Third-and-7: 4-for-9

Third-and-8: 1-for-2

Third-and-9: n/a

Third-and-10: 1-for-8

Third-and-11-15: 1-for-8

Third-and-16-plus: 0-for-8

What’s interesting is that on the Packers’ 14 touchdown drives they tend to avoid third down altogether with high early down efficiency and plays of 10-plus yards.

Not including defensive penalties that led to first downs, the Packers have run 79 plays on those touchdown drives. They have gone 7-for-7 on third down, and only one time did they have to convert anything longer than third-and-6, which was a 26-yard completion on third-and-7 against the Eagles.

And of those 79 plays, 27 have gone for at least 10 yards (34%).

Kicker Mason Crosby has attempted eight field goals, and on those drives the Packers have been faced with 13 third downs. A defensive penalty gave them one first down and the Packers have gone 4-for-12 on the others. Three times they converted with seven or more yards to go.

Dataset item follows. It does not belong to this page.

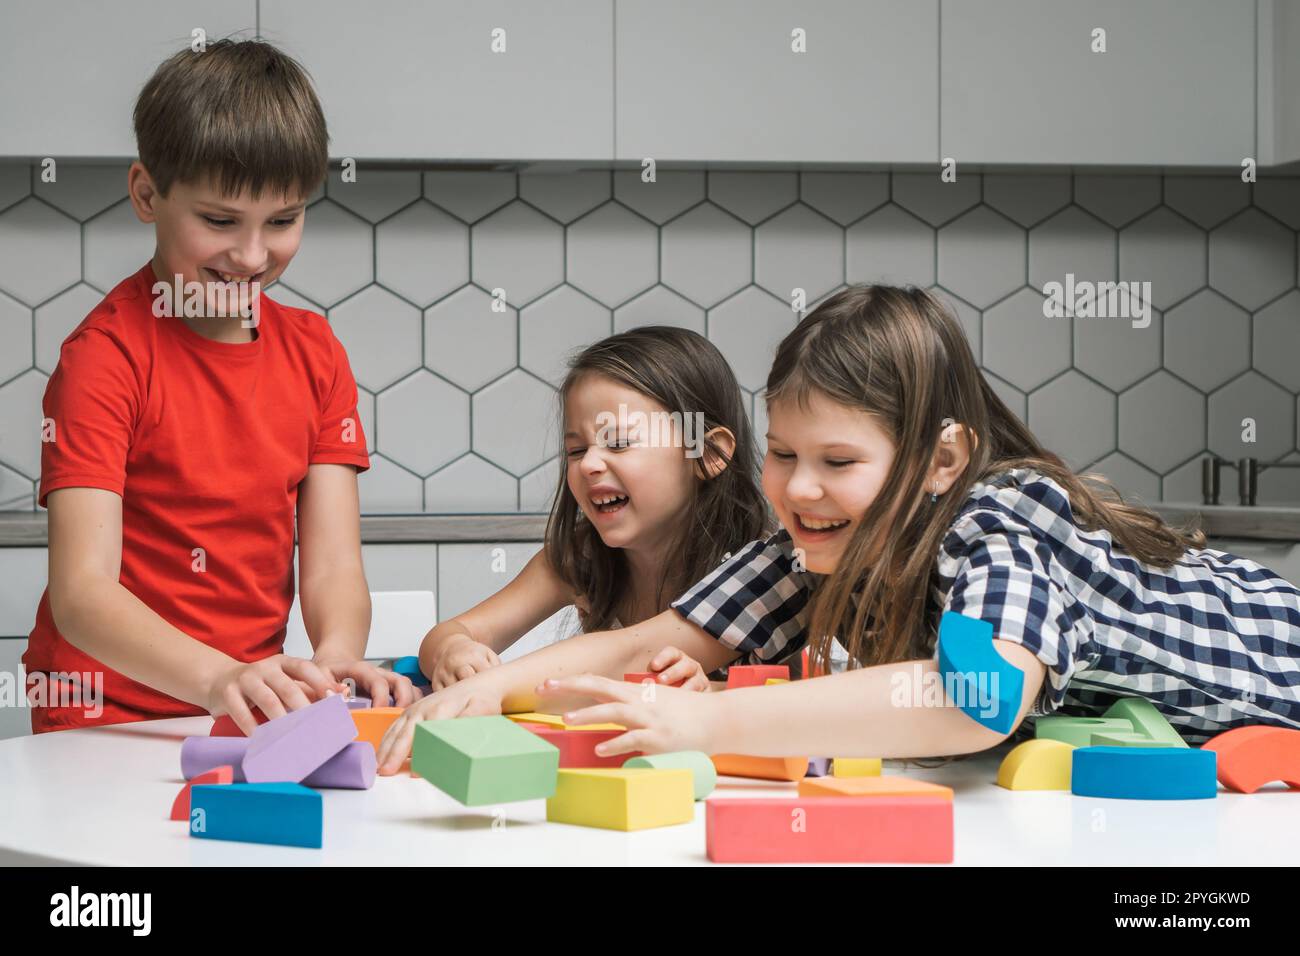 Enfants riants, drôles et ludiques de filles se trompant et de garçon jouant avec des briques colorées et des éléments de construction Banque D'Images

“Where we need to show the most improvement is getting out of long-yardage situations and getting back on track,” LaFleur said Monday. “Whether we have a negative run or a negative play on first down, or we get a penalty, or we get into those second-and-longs and are then faced with the third-and-longs, it’s tough to convert in this league. So there’s a lot of room for improvement on third downs for us.”